Collection and analysis of microarray data, from raw image files to biological interpretation, is a long and complex procedure, and various software packages emphasize different stages in this process. Some microarray databases are designed to be archives of very large amounts of gene expression data (Gene Expression Omnibus), whereas others focus on integrating large amounts of data from various sources (ArrayDB). Argus is designed to automate and standardize common steps in the routine processing and interpretation of microarray data. We envision the typical Argus user to be a researcher who needs to efficiently import a batch of microarray data, use scatterplots to perform quality control on the experiments, exclude artifacts, produce lists of regulated genes, and investigate these genes over the Web, and make these results available to other researchers.

Data Reproducibility and Statistics

The current version of the Argus query page asks users to specify fixed ratio and intensity cutoffs to find significantly regulated genes. An estimate of the statistical significance of a particular ratio can be obtained by looking at the location of the point on a scatterplot of all the intensities from the array pair from which the ratio was derived. An isolated point that is far beyond the scatter of points around the unity line is less likely to be due to noise, whether biological or analytical.

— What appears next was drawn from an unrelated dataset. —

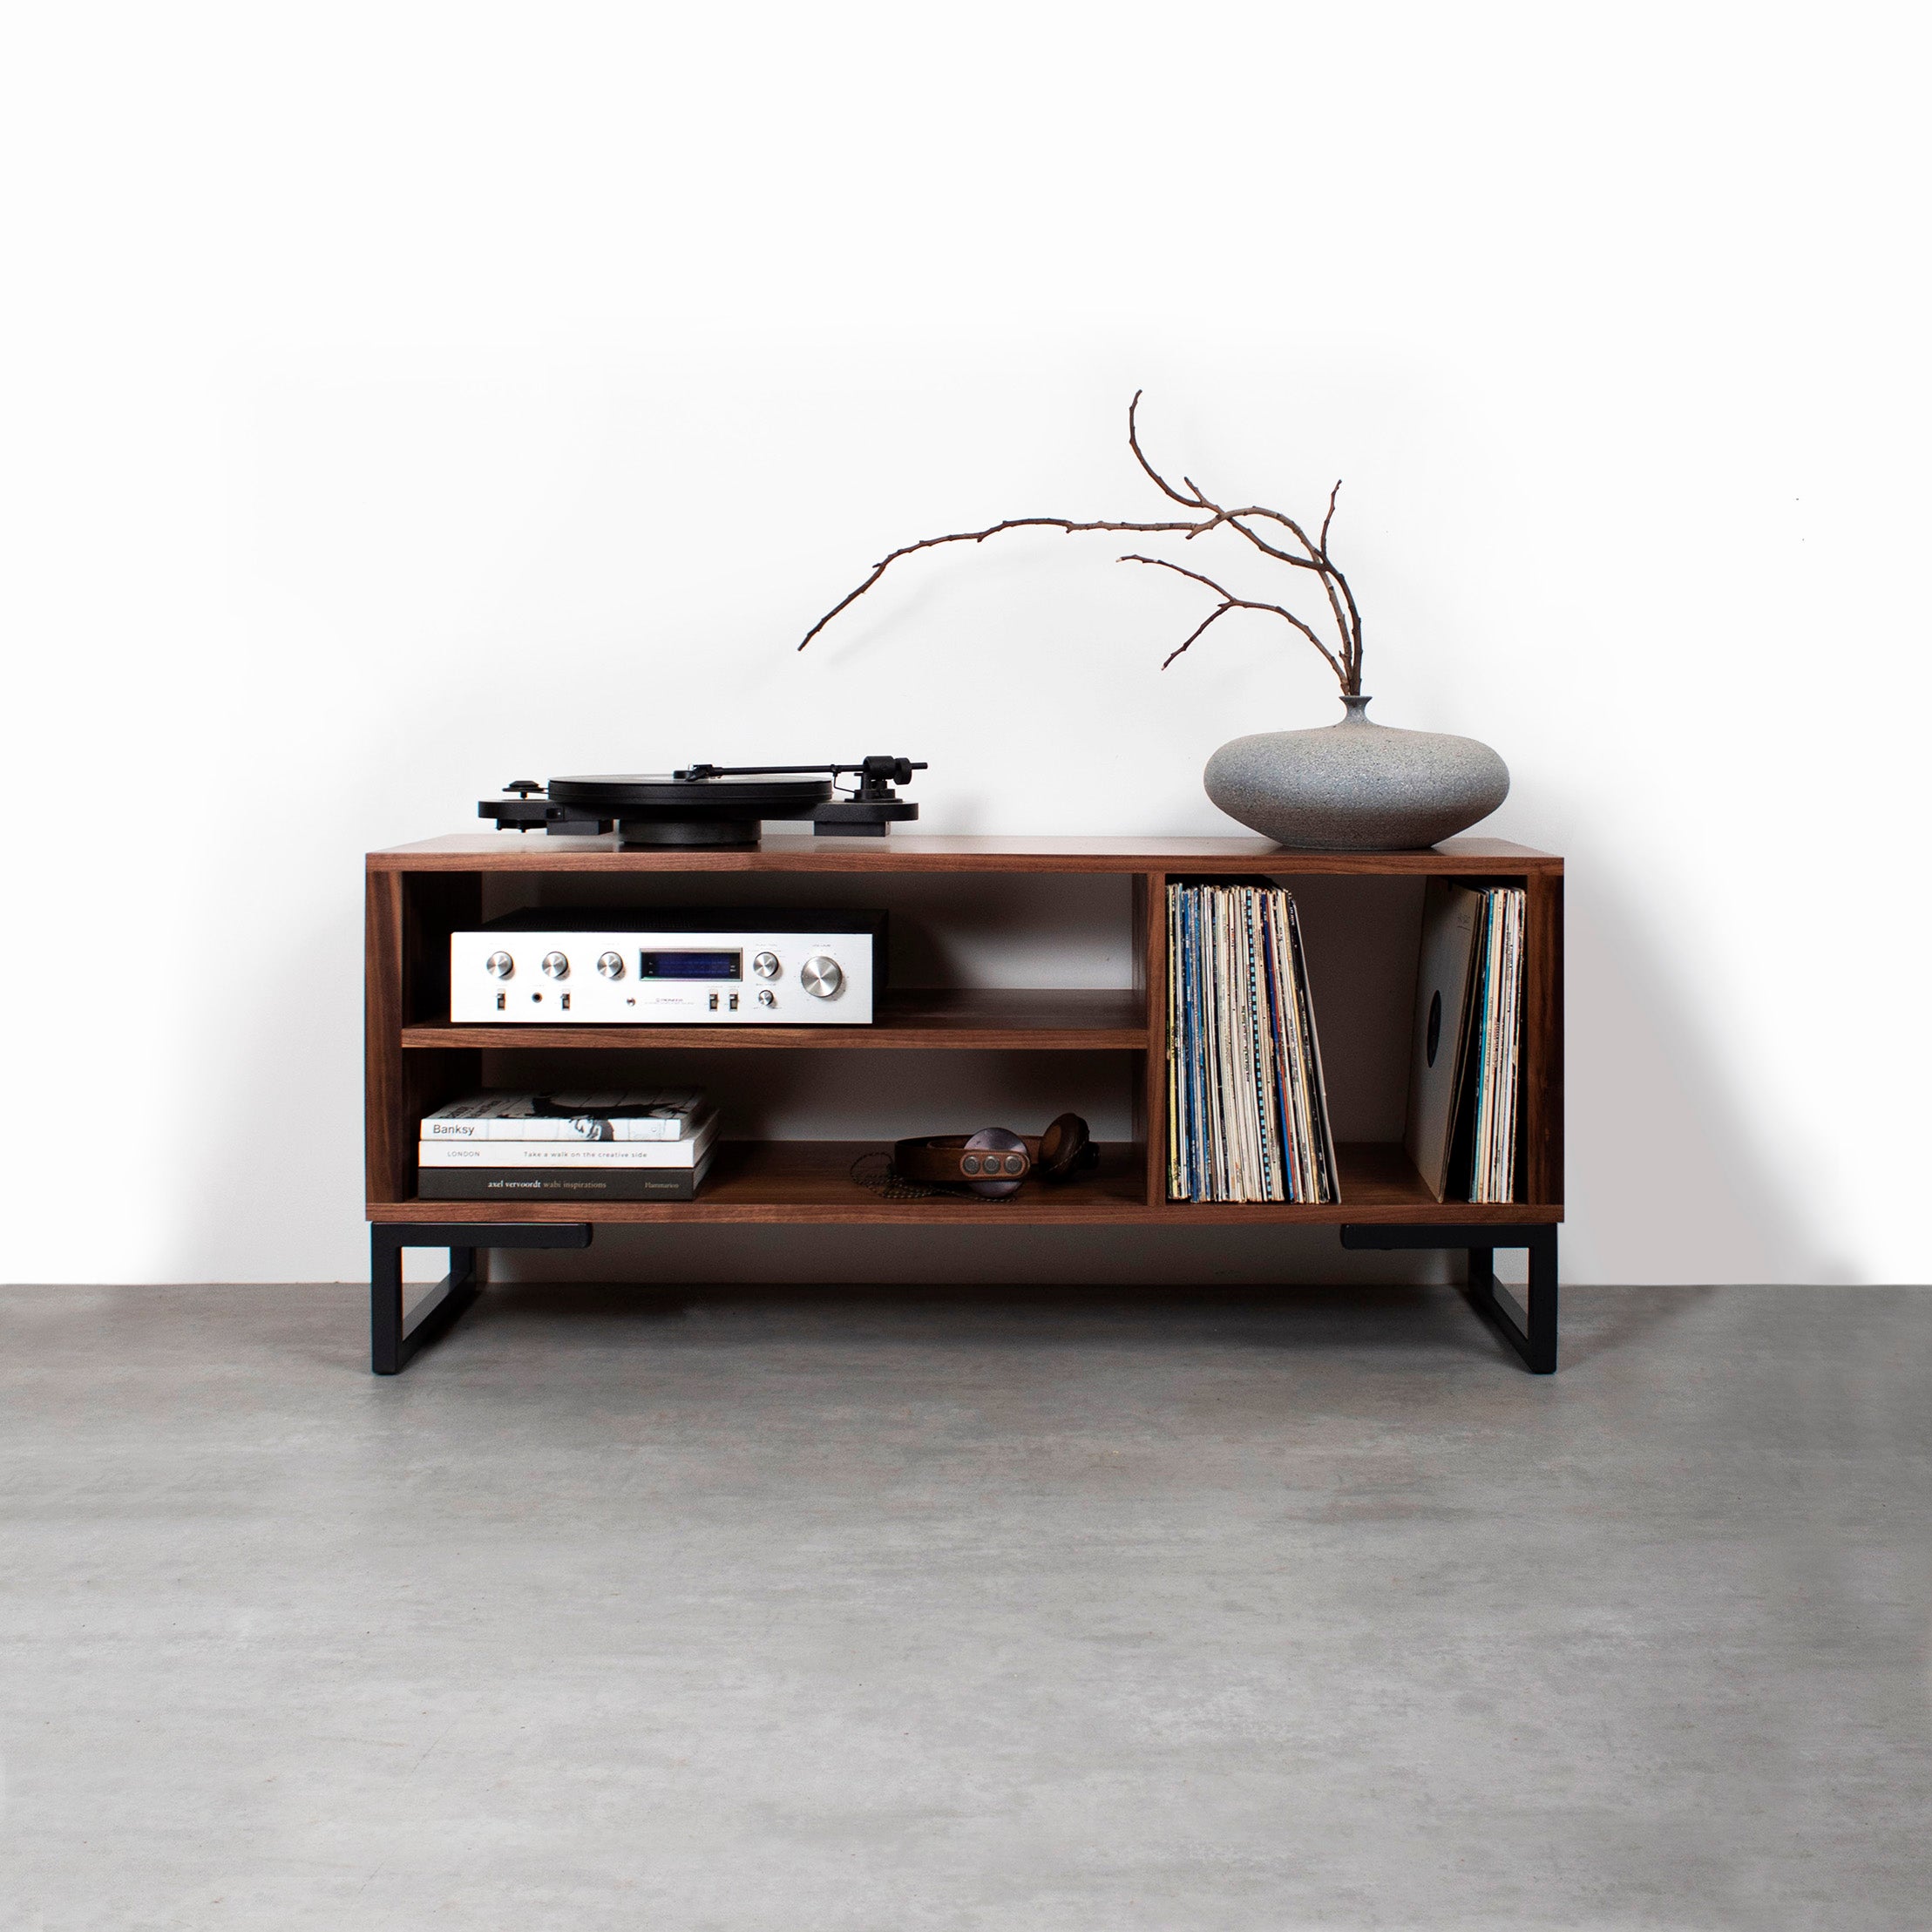 walnut media console stand for vinyl record player, hifi or as a TV stand

Ideally, a statistical model would be more useful than using fixed ratio and intensity cutoffs combined with significance estimation using scatterplots. A user would specify what false-positive rate is acceptable for the intended downstream application of the results, and the program would return a set of results expected to meet the specified false-positive rate. The ratios would be presented with confidence intervals. Much of the early work in the microarray field was performed without replicates, which makes it extremely difficult to predict false-positive rates or to estimate confidence intervals for any particular intensity or ratio. Methods for approximating confidence intervals appropriate for small numbers of replicates and for specifying false-positive rates have been developed only recently (Claverie 1999; Manduchi et al. 2000; Kadota et al. 2001) or are in development (Dudoit et al. 2000; Newton et al. 2000).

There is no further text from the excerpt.